(Dataset section Opens)
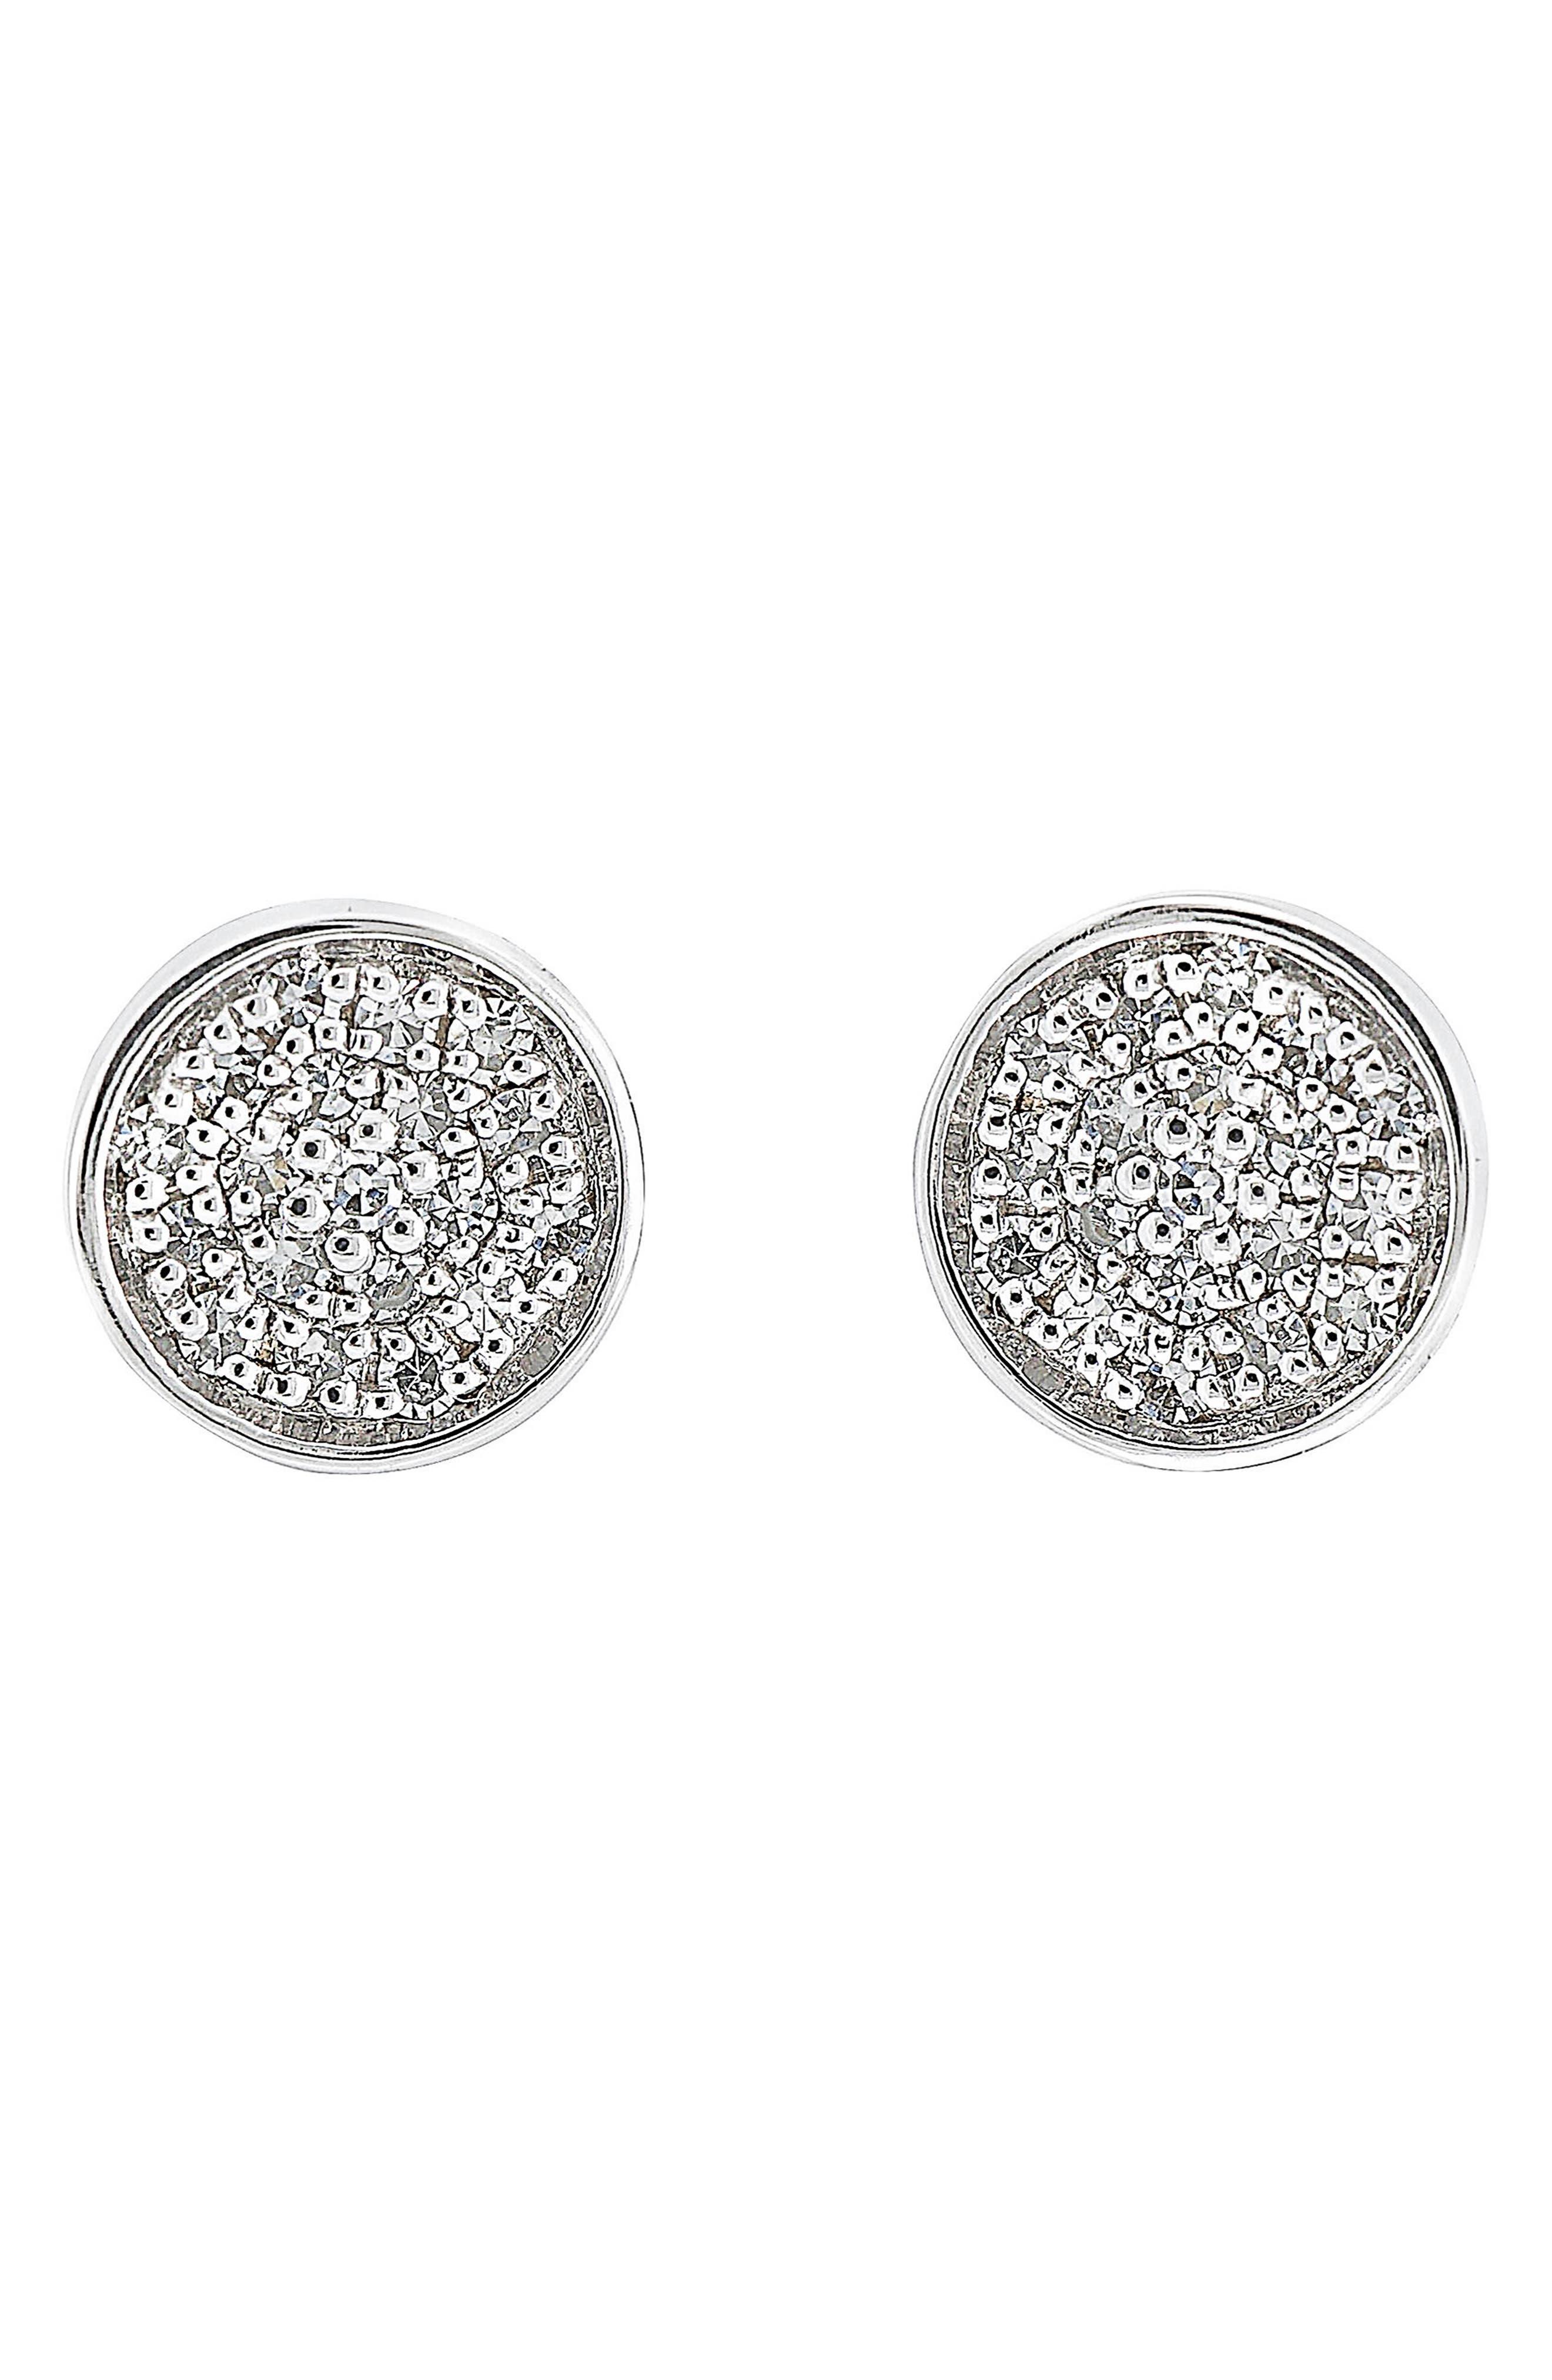 Carrière Pavé Disc Stud Earrings,                             Main thumbnail 1, color,                             Silver/ Diamond
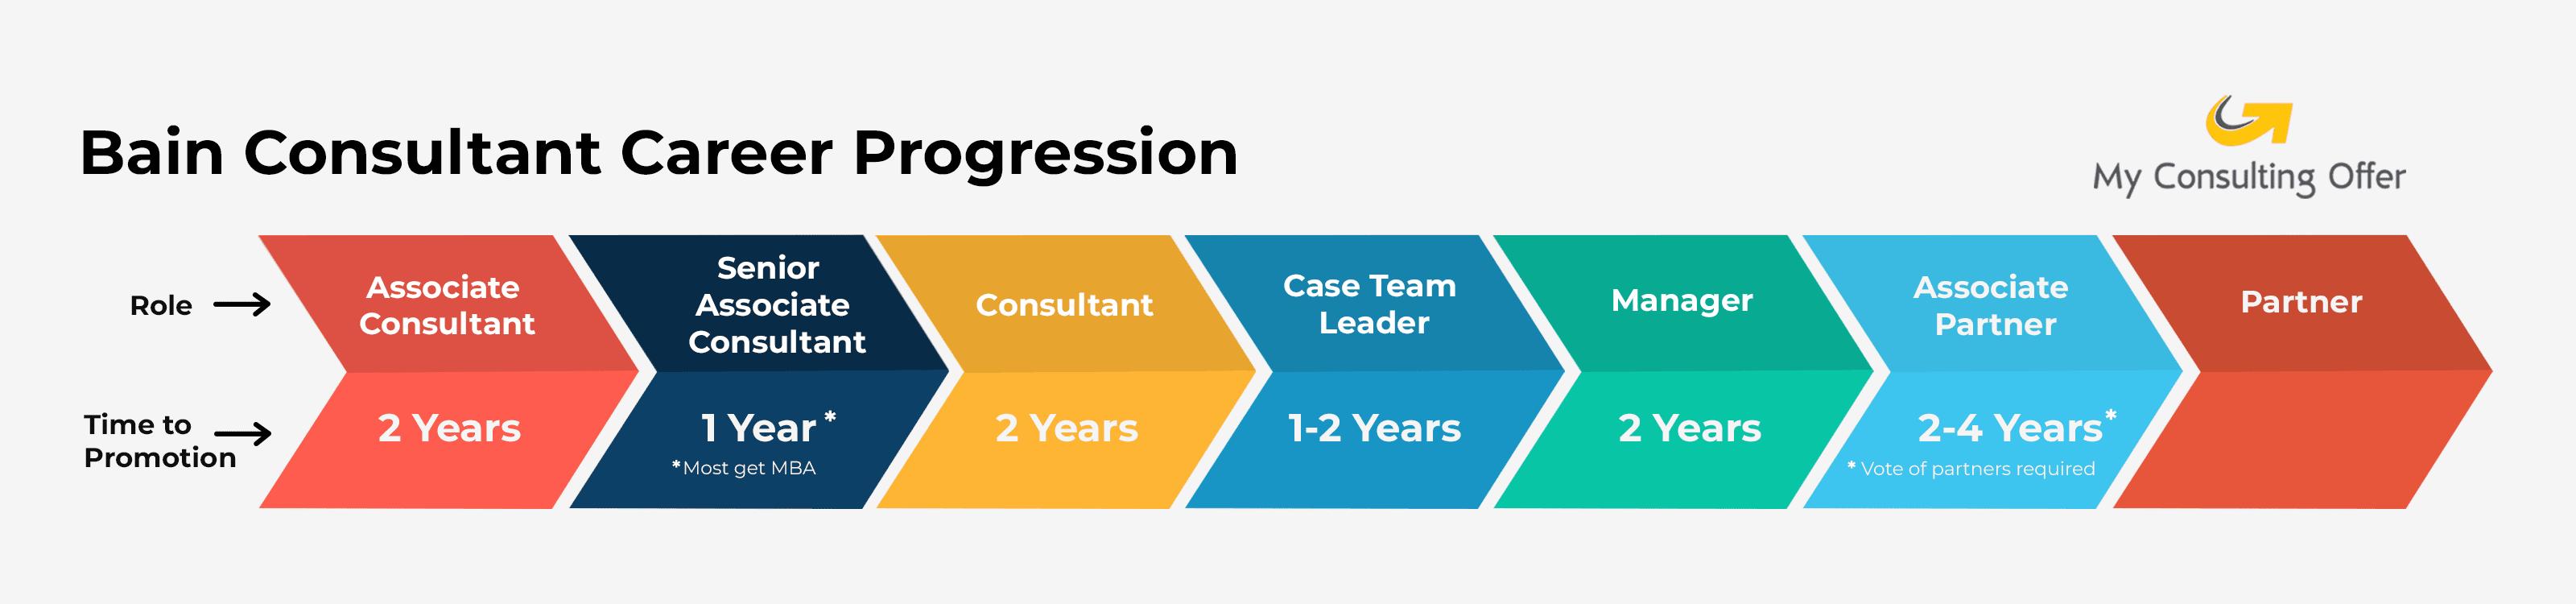 Bain-Consultant-Career-Progression
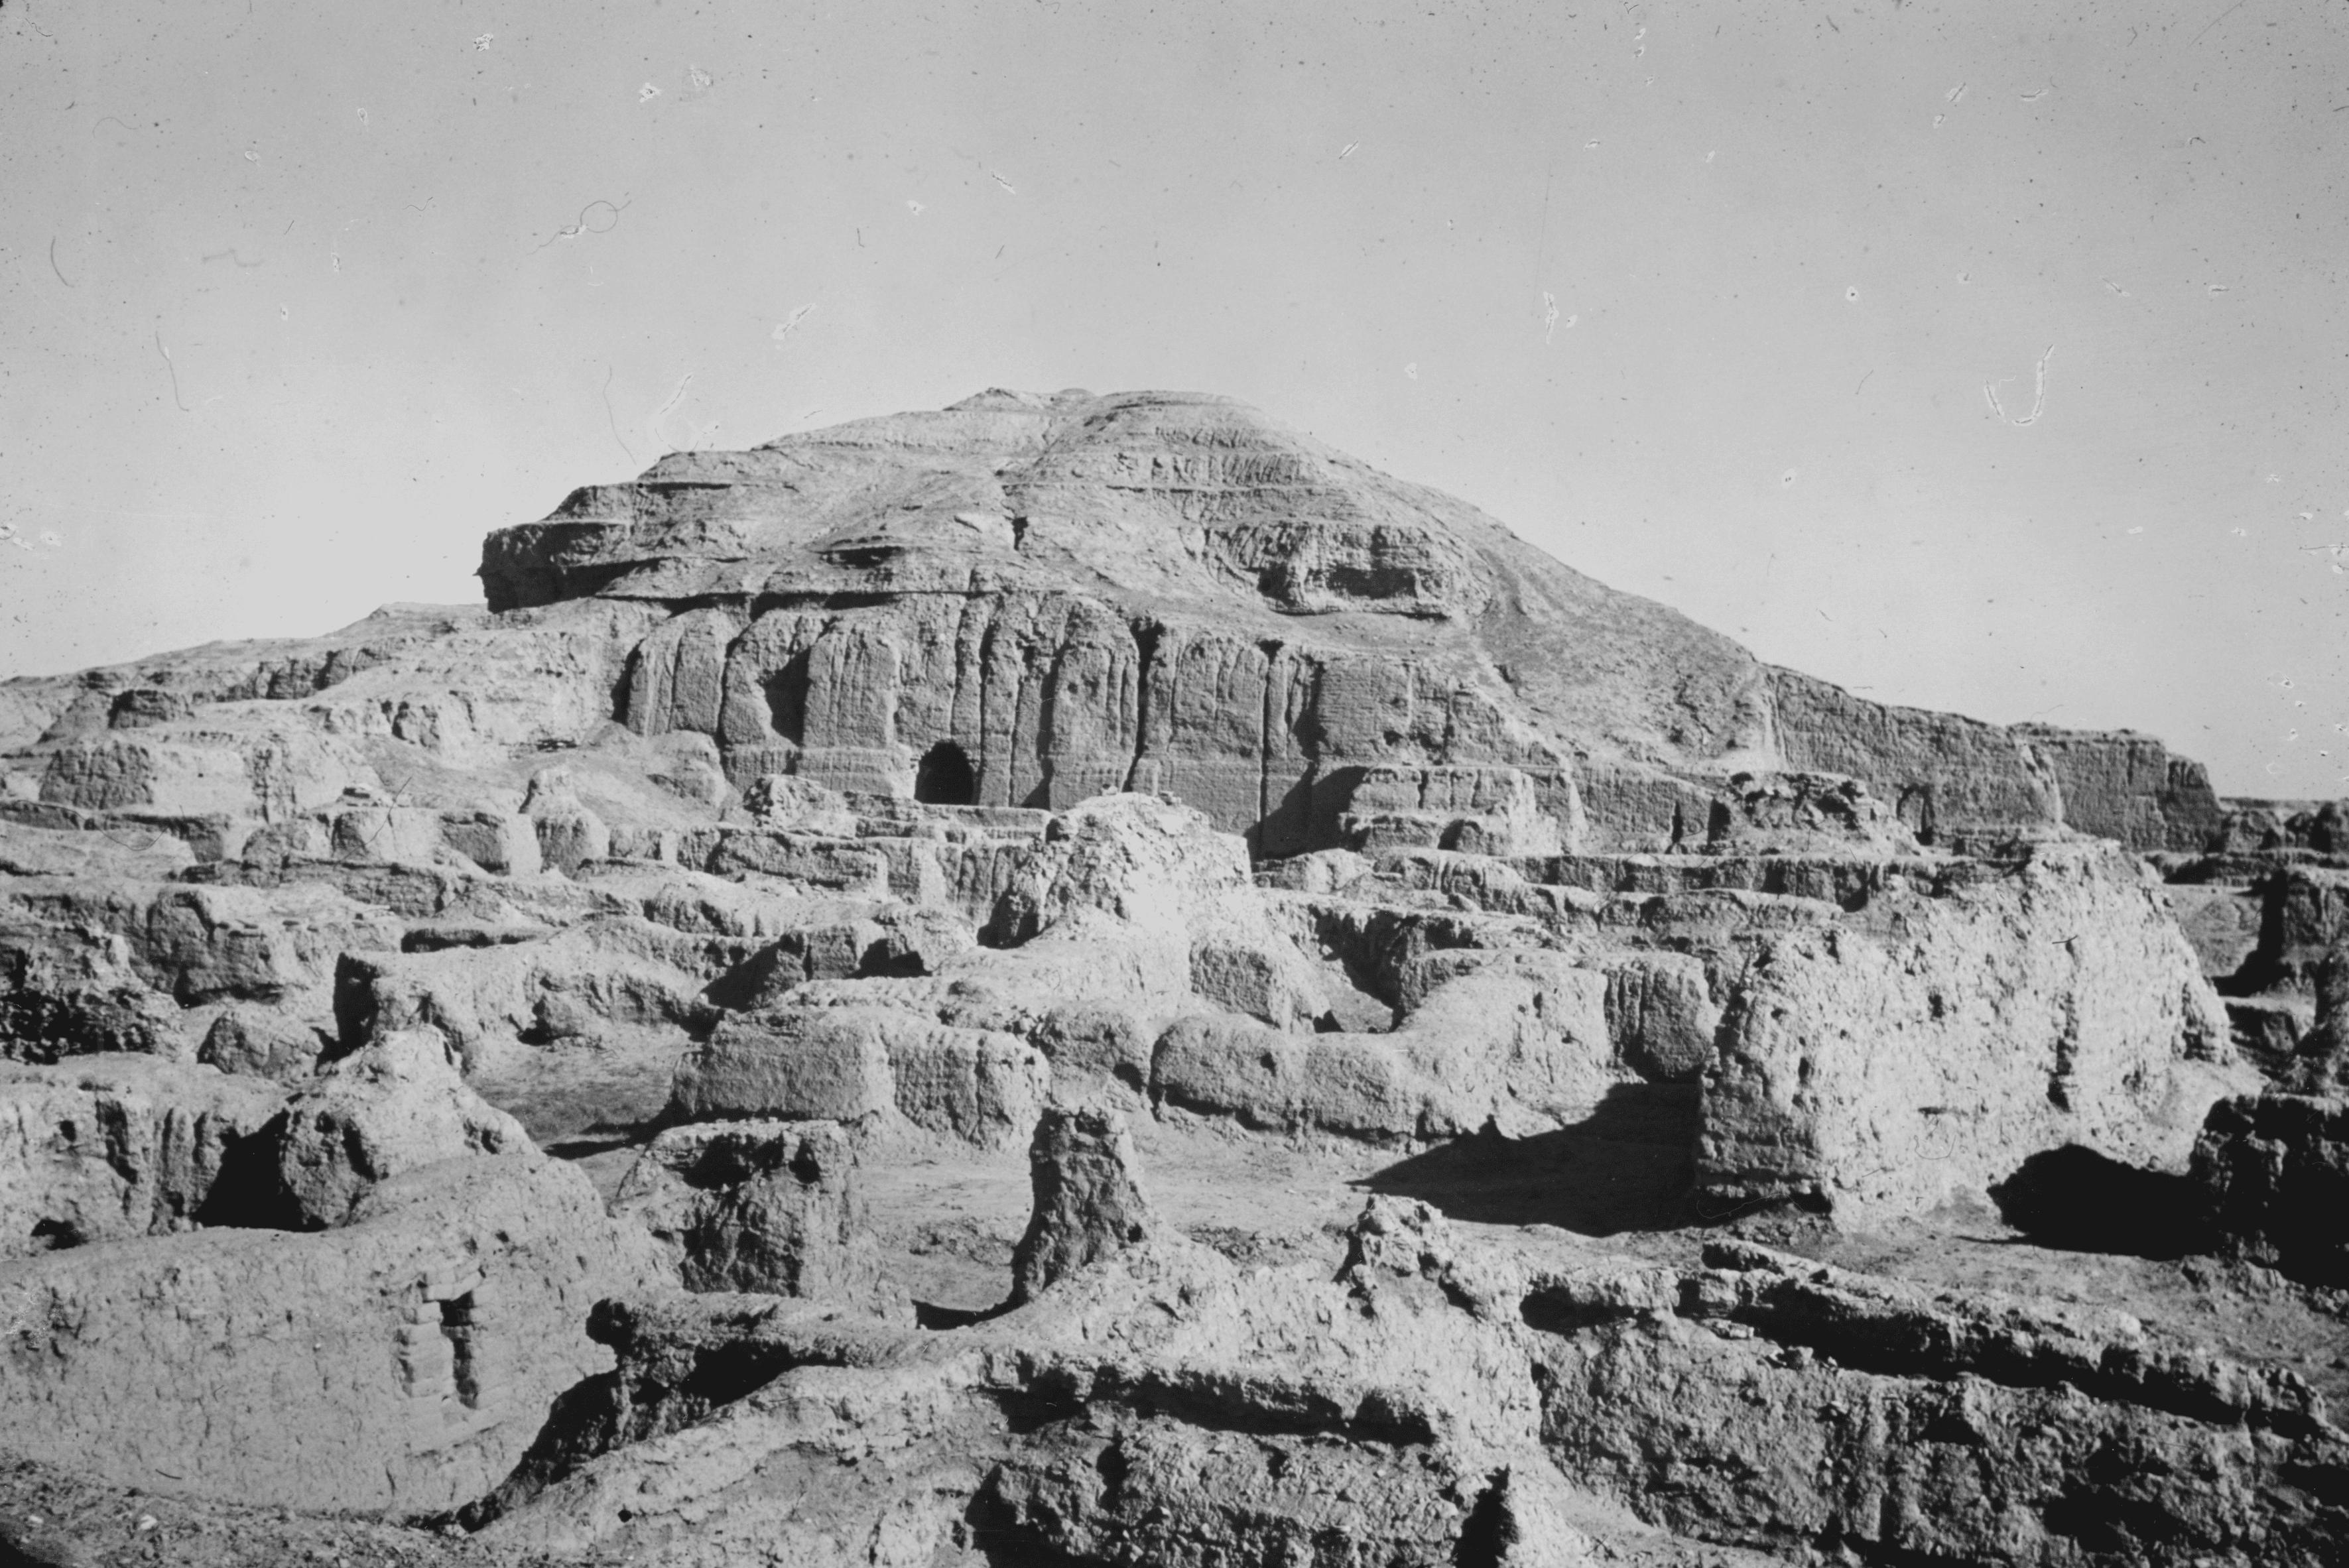 Ziggurat of Warka, Mesopotamia
(Dataset section Closes)
_Task description_.
When you retype the listing above, keep each line exactly as written and drop the pictures.

_Solution_.
 Carrière Pavé Disc Stud Earrings,                             Main thumbnail 1, color,                             Silver/ Diamond
 Bain-Consultant-Career-Progression
 Ziggurat of Warka, Mesopotamia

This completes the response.